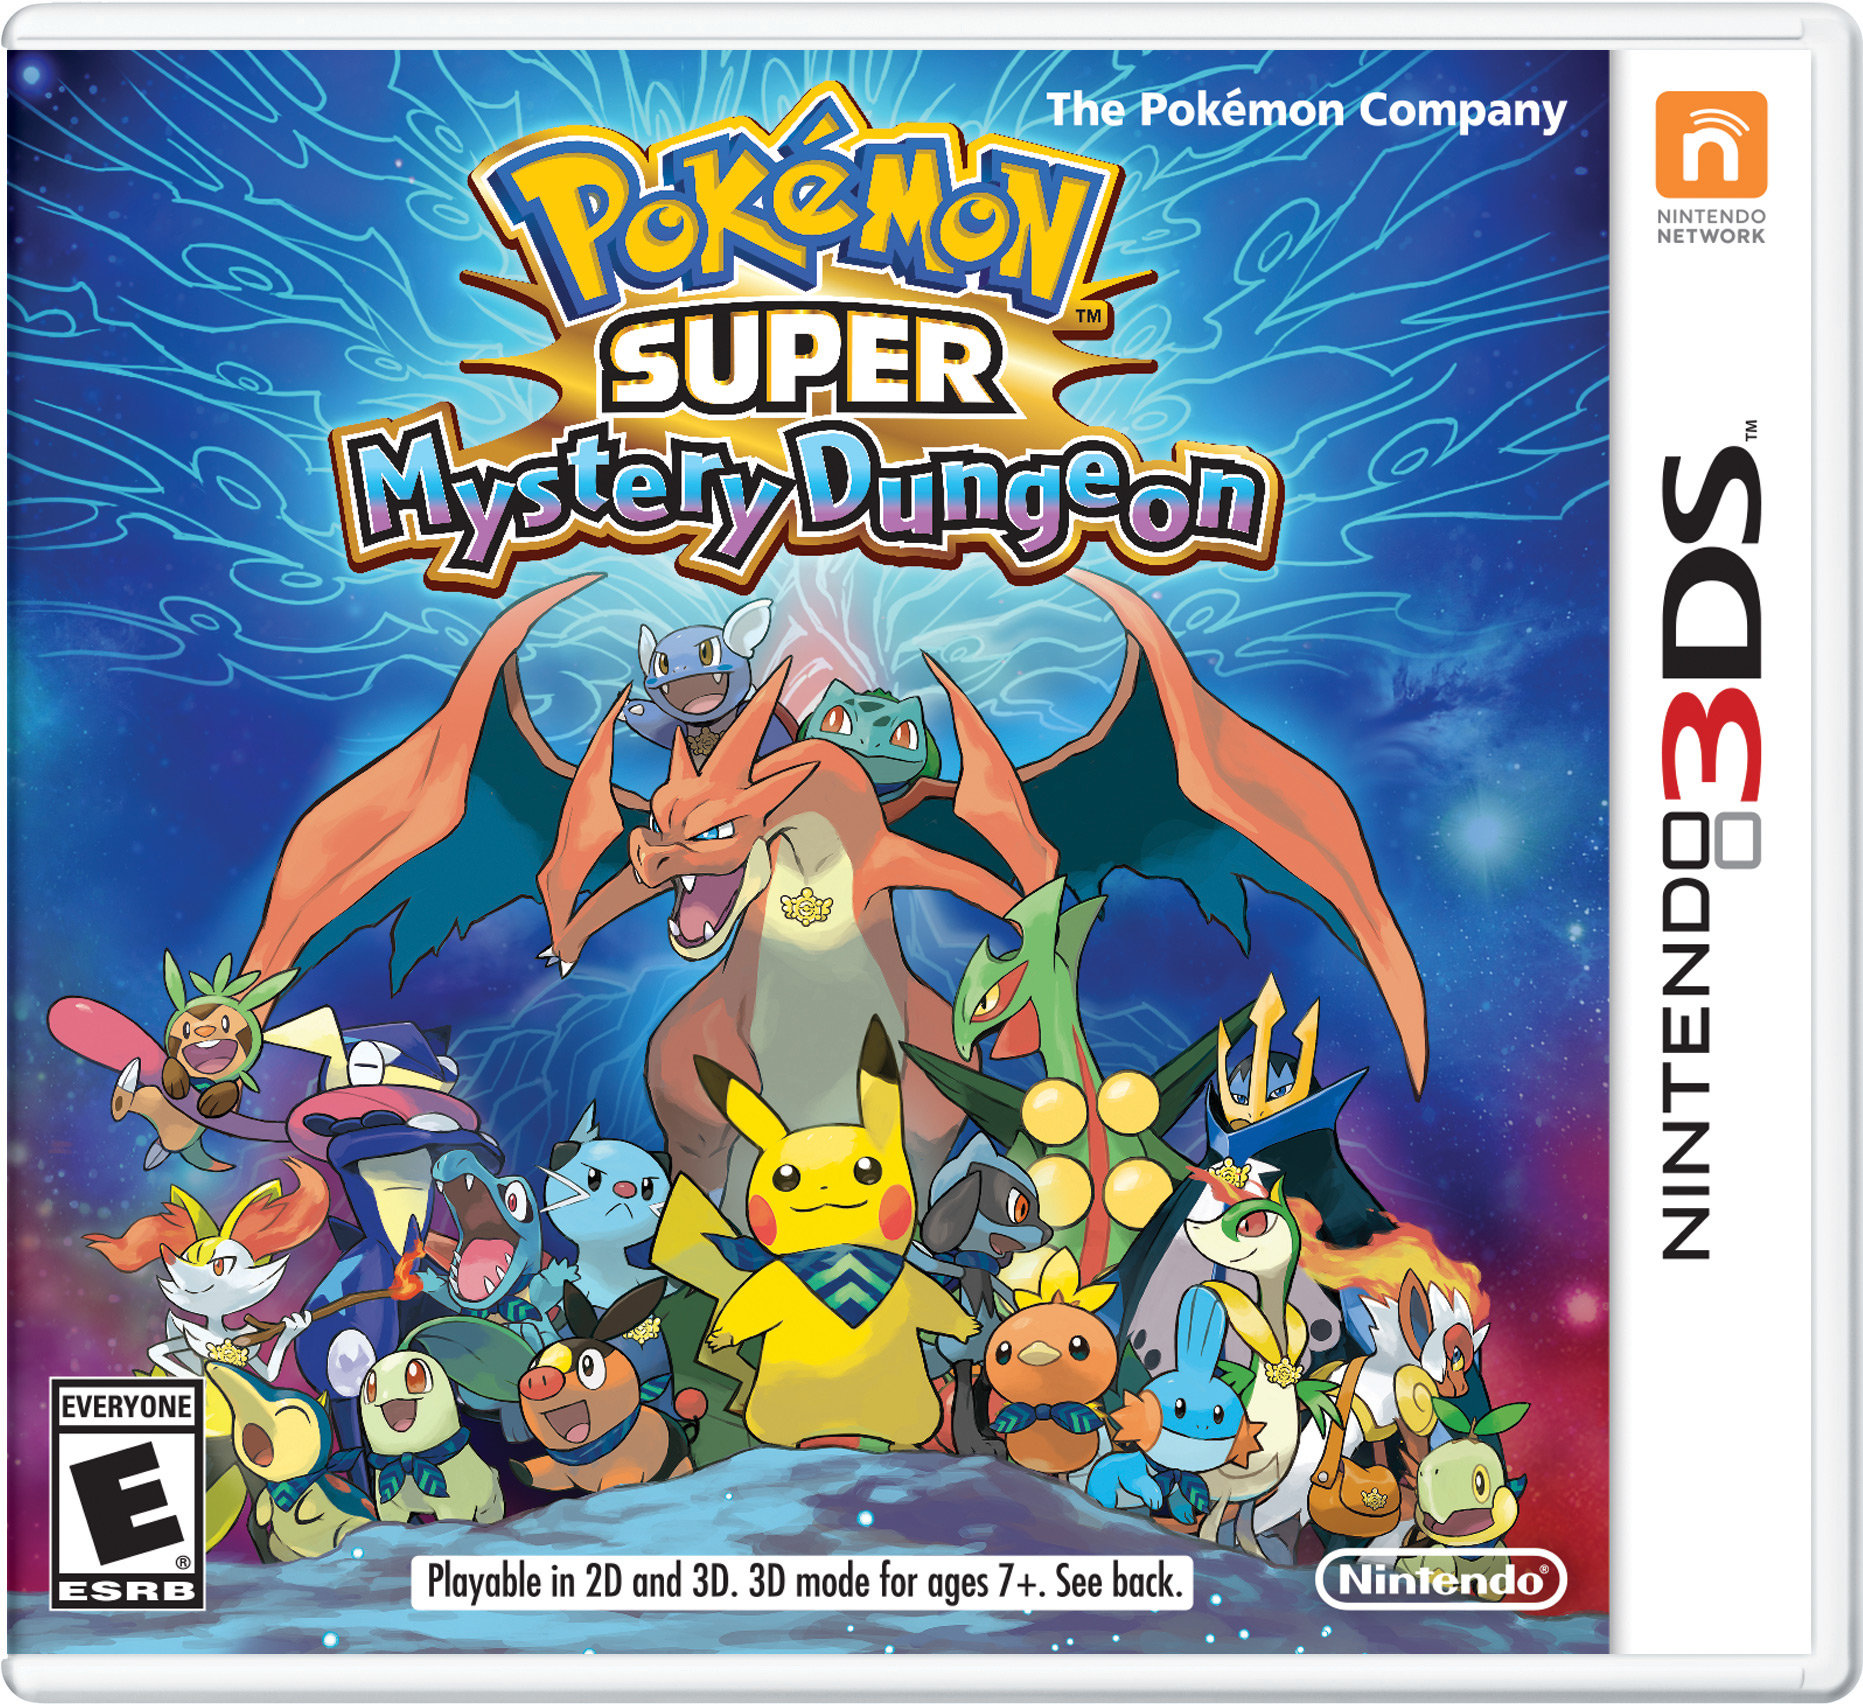 Pokémon Mystery Dungeon Cover Art
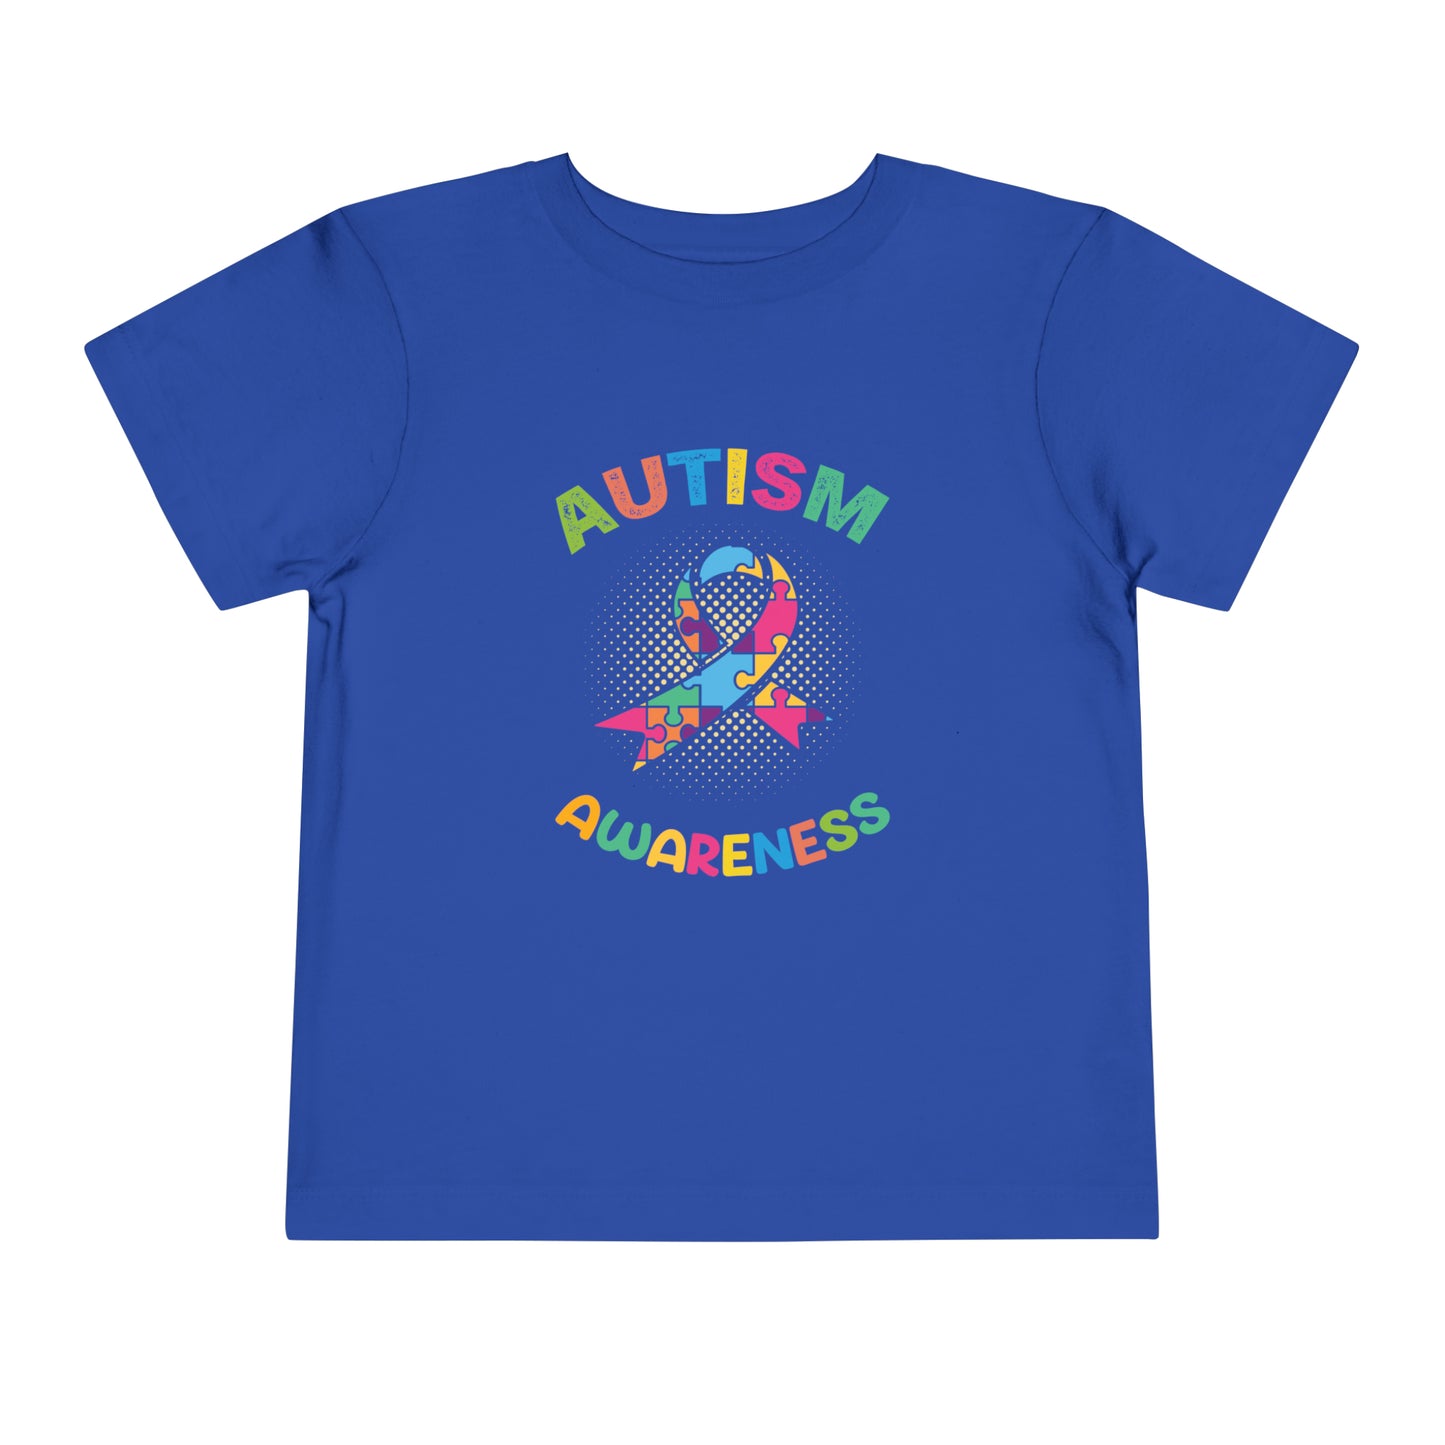 Autism Awareness Advocate Toddler Short Sleeve Tee
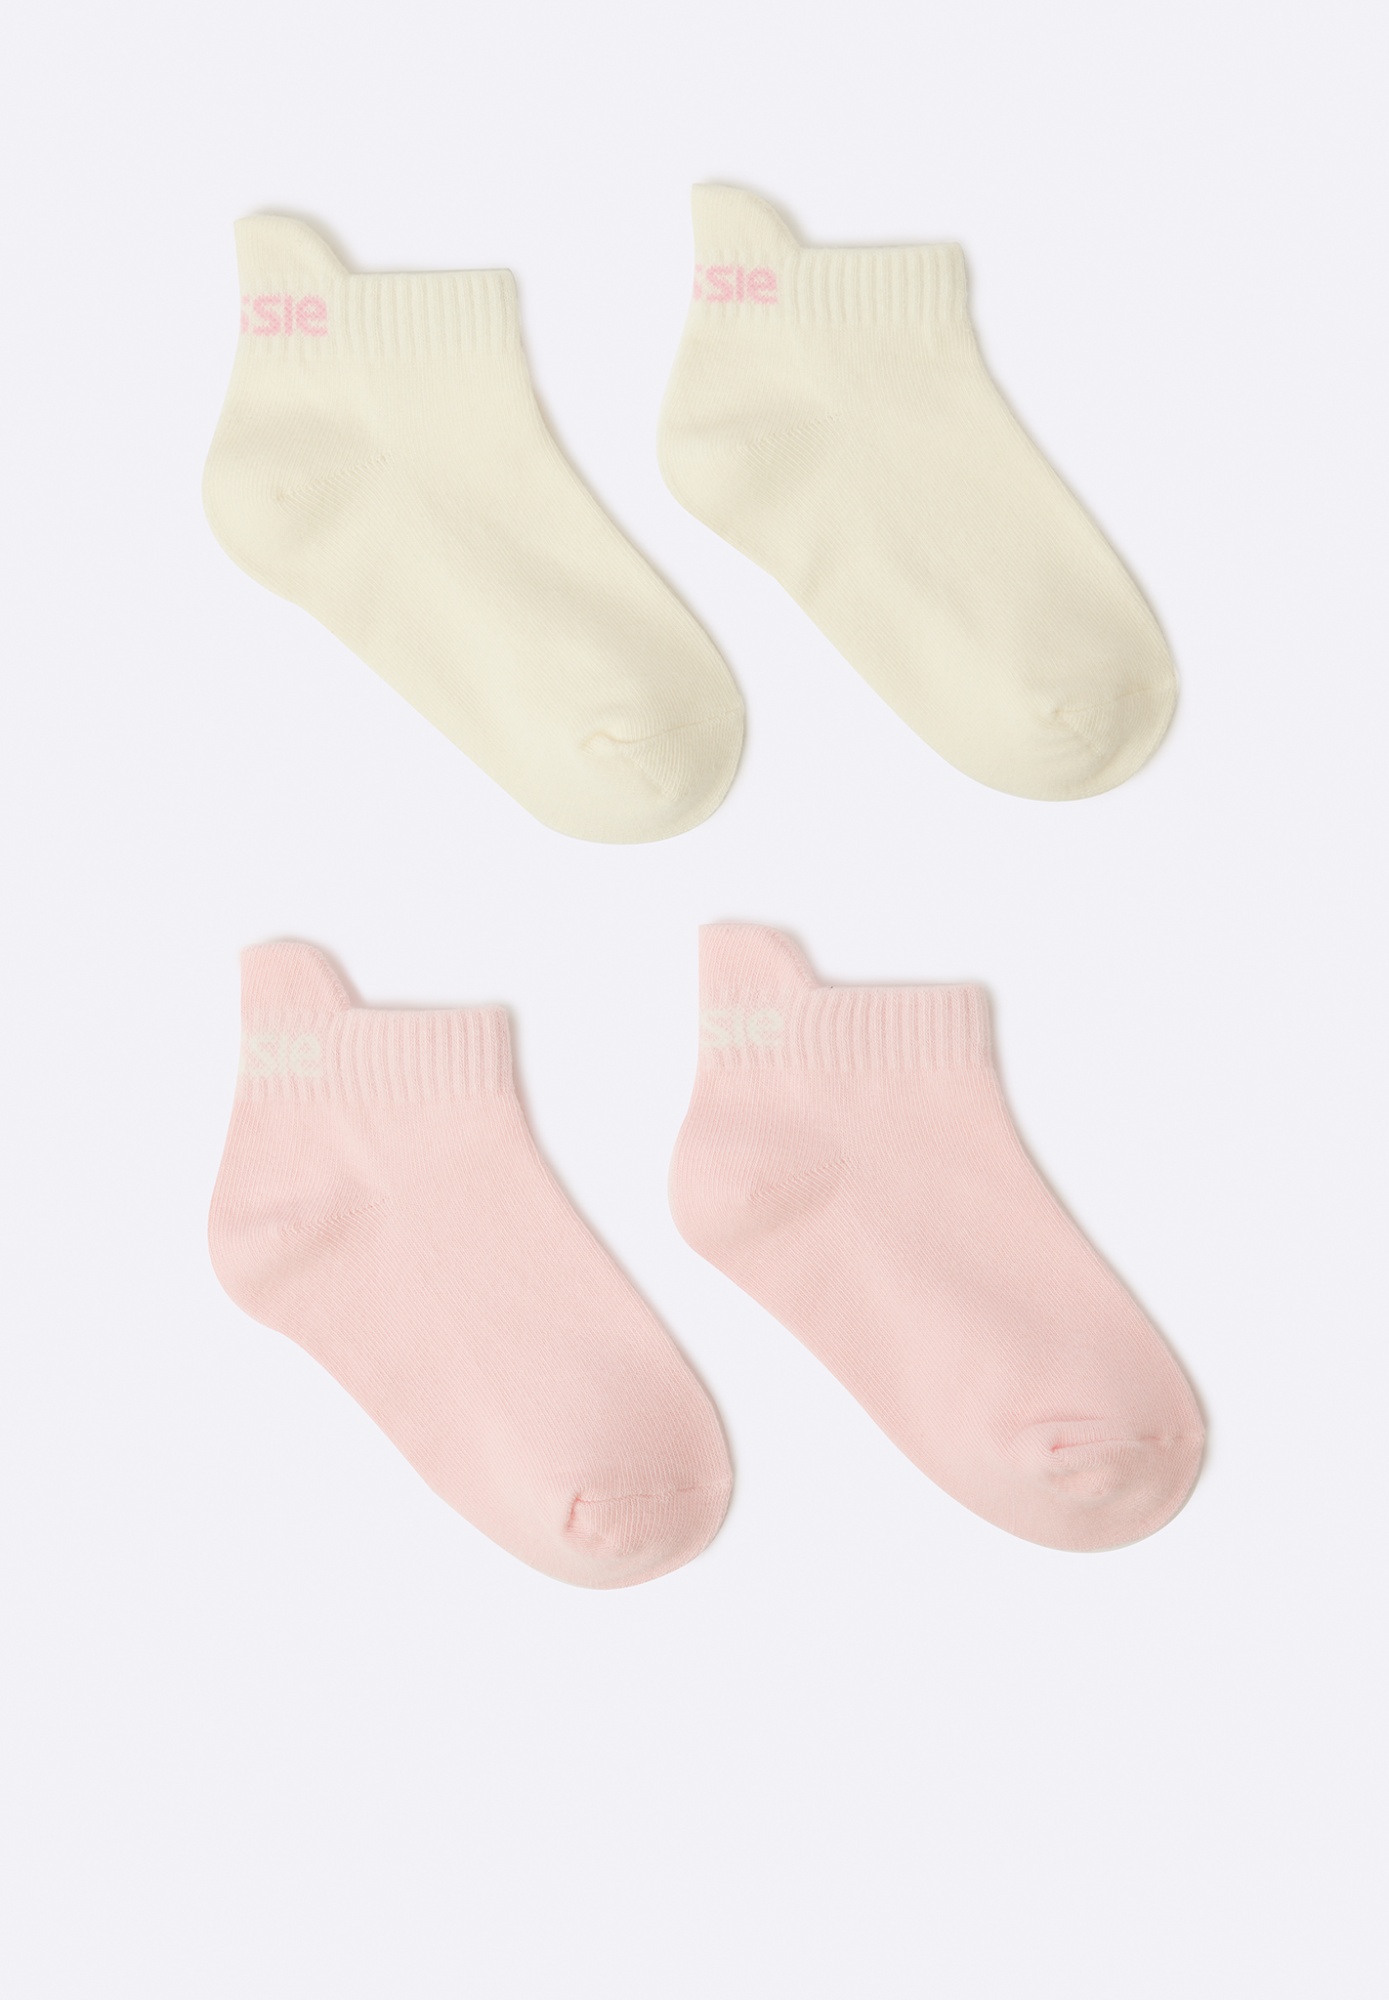 Детские носки Lassie Vipellys, 2 пары Белые | фото

▶ EXERCISE DESCRIPTION
Give the listing again exactly, but omit each image.

▶ SOLUTION TO THE PROBLEM
 Pokémon Mystery Dungeon Cover Art
 Autism Awareness Advocate Toddler Short Sleeve Tee
 Детские носки Lassie Vipellys, 2 пары Белые | фото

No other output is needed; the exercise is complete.